§ Available data:
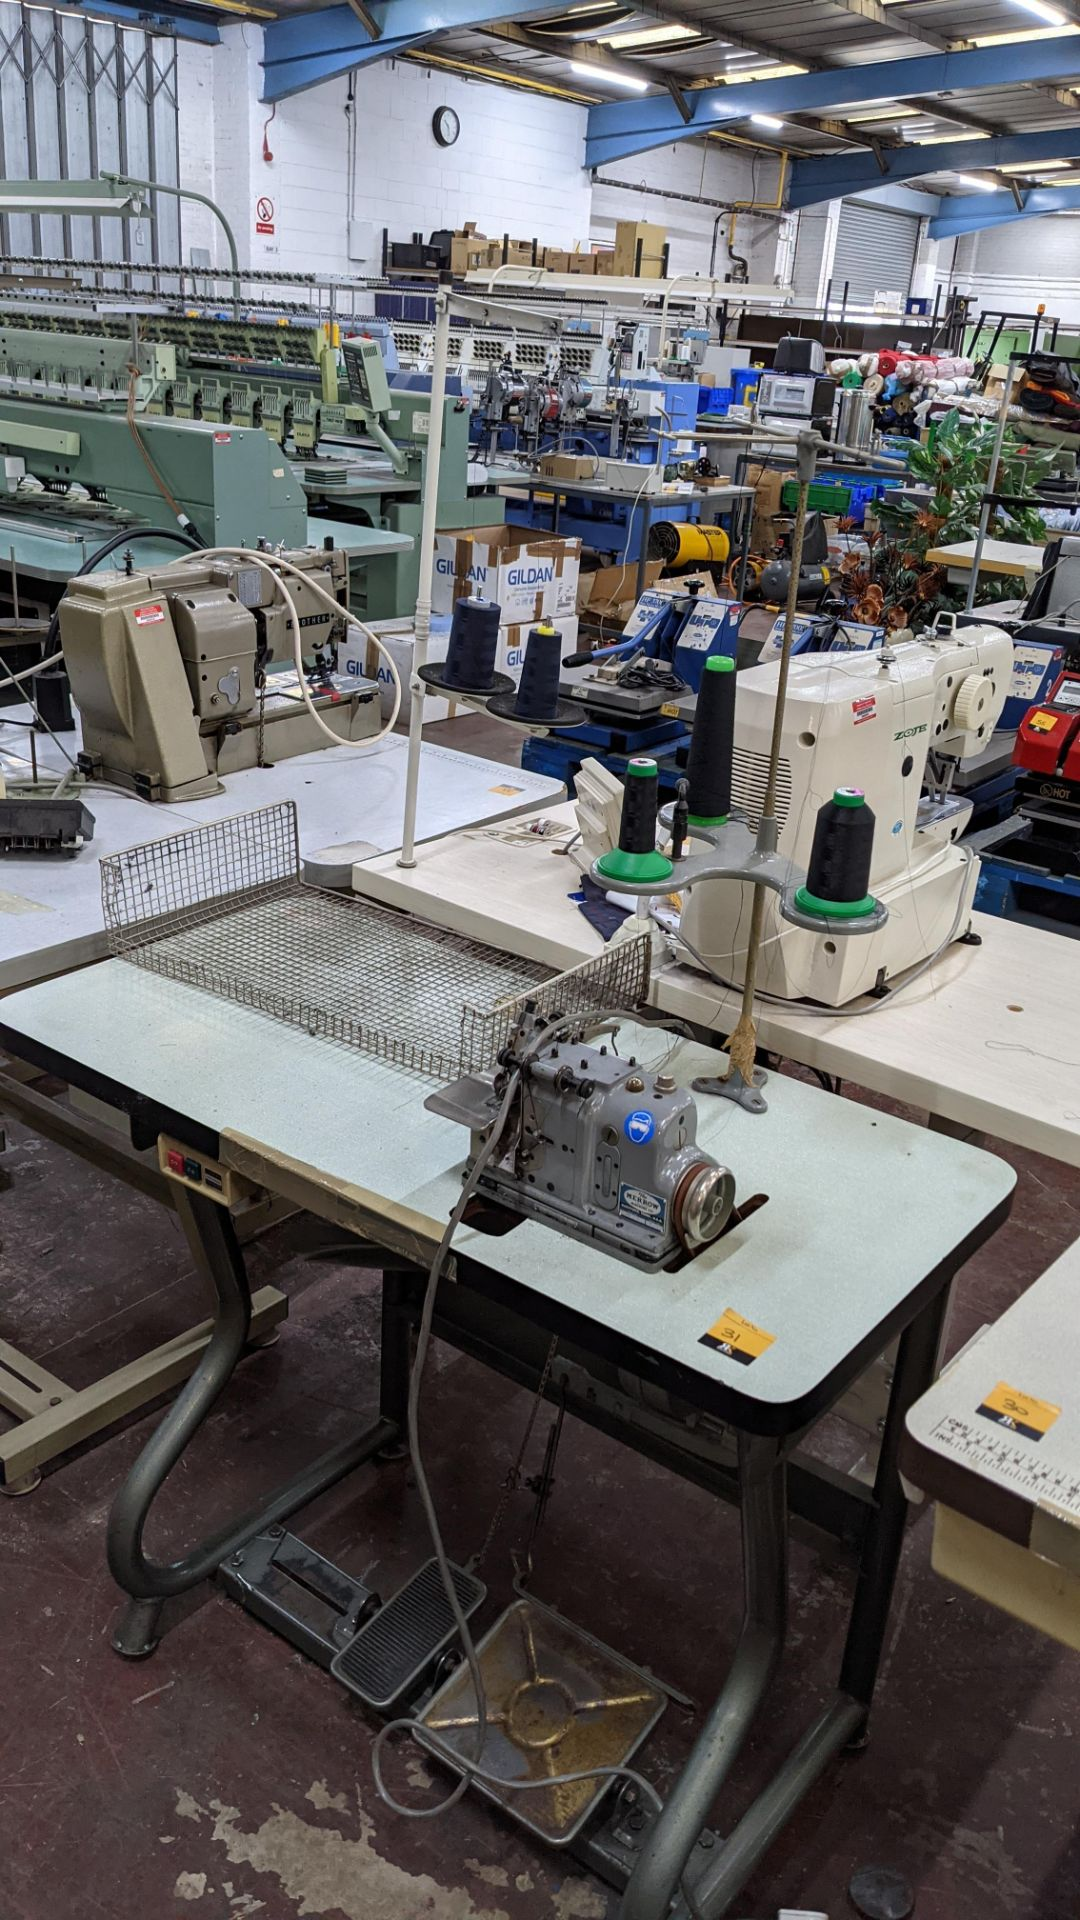 Merrow sewing machine, model M-30 - Image 3 of 14
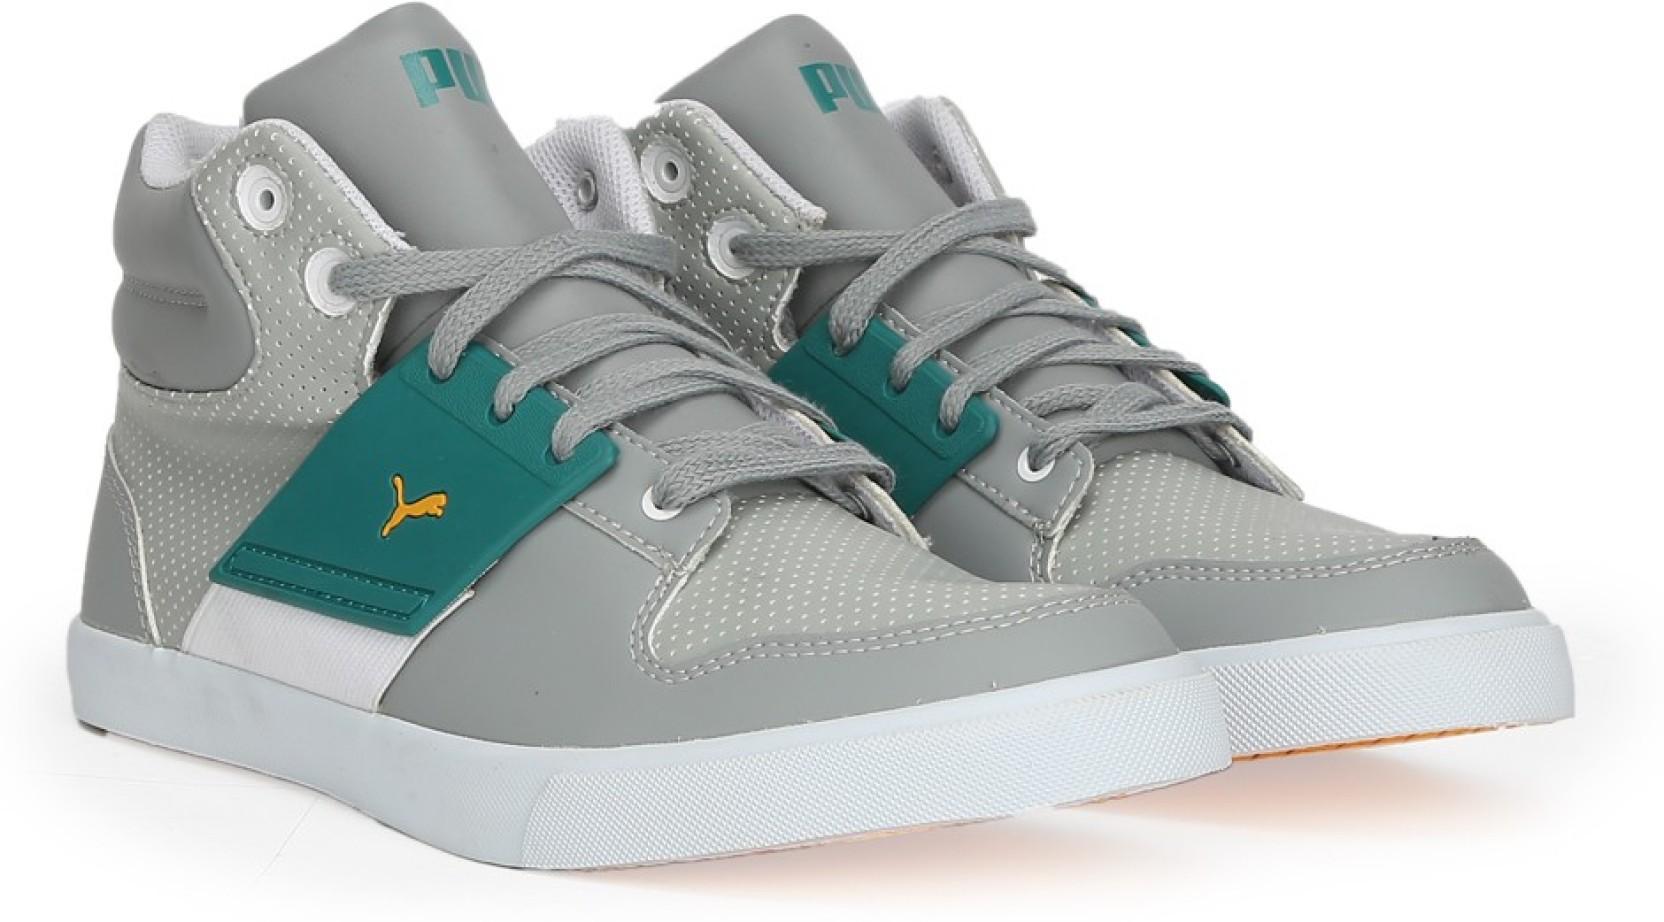 be371be4ddb141 Puma El Ace 2 PN II DP Mid Ankle Sneakers For Men - Buy limestone ...
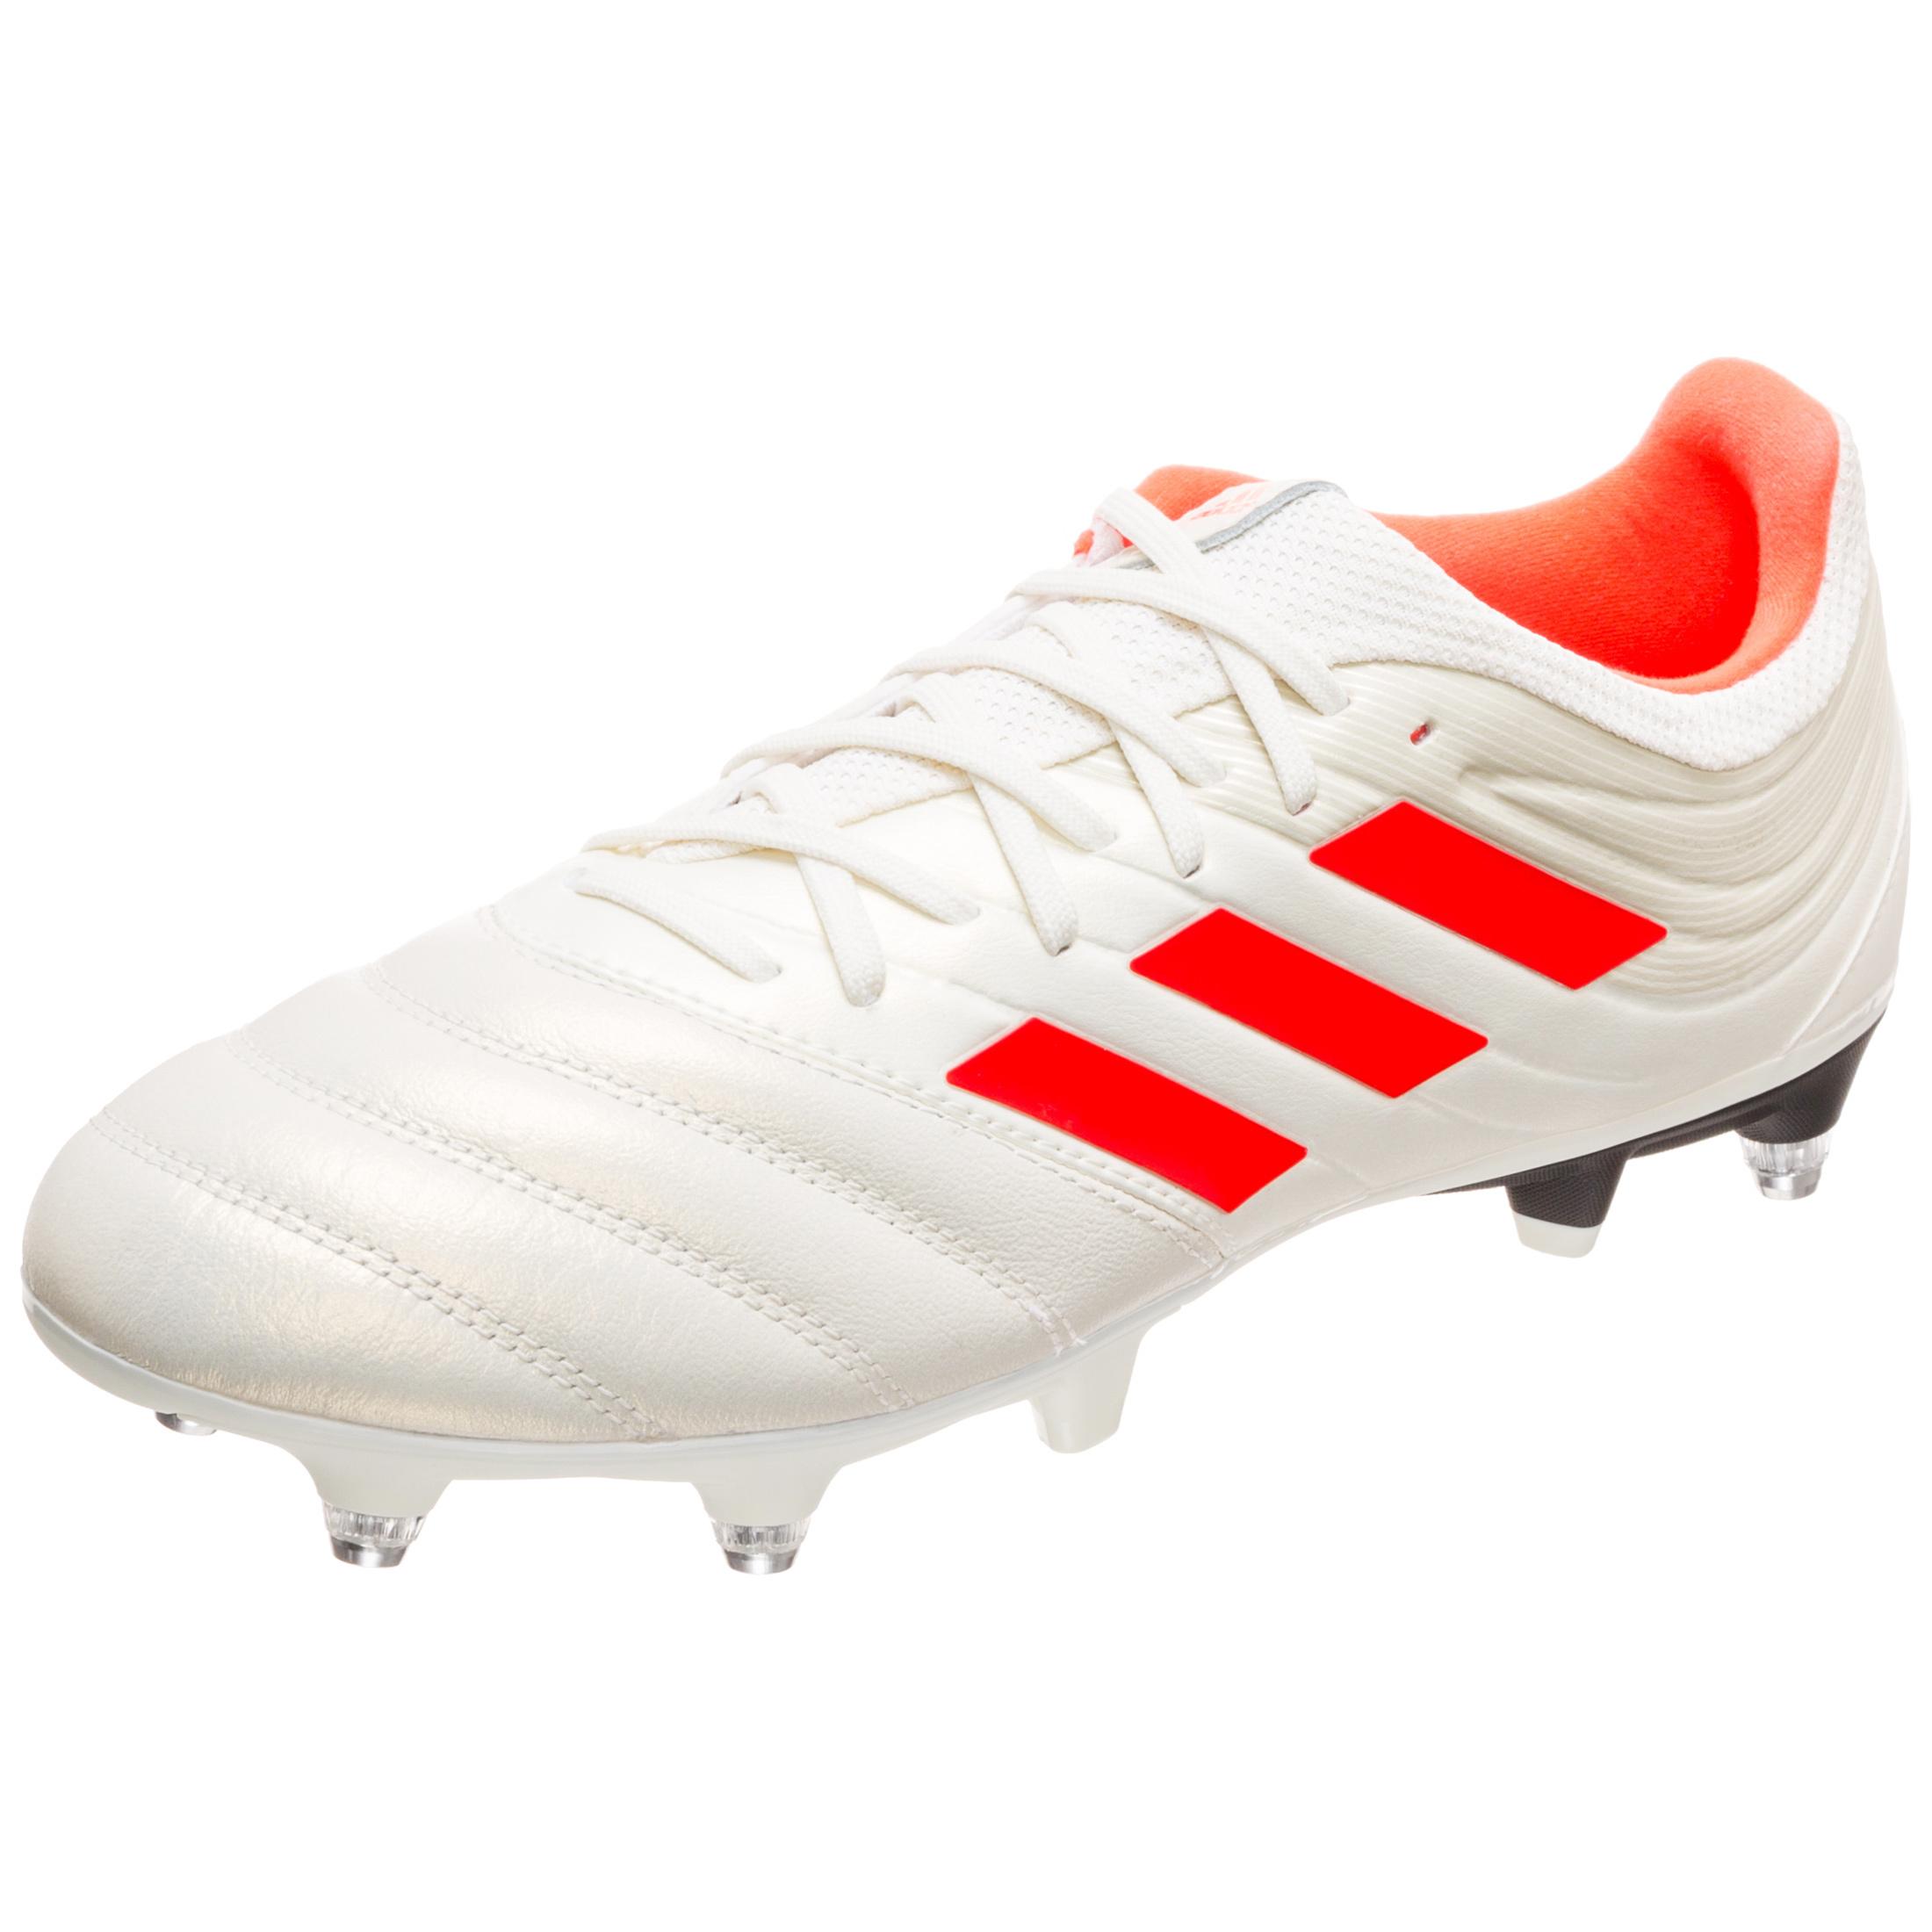 57e8d78ad Soft Ground Football Boots

§ Assignment: The data above must be given again in full and unaltered, minus its images.

§ Answer area:
 Merrow sewing machine, model M-30 - Image 3 of 14
 be371be4ddb141 Puma El Ace 2 PN II DP Mid Ankle Sneakers For Men - Buy limestone ...
 57e8d78ad Soft Ground Football Boots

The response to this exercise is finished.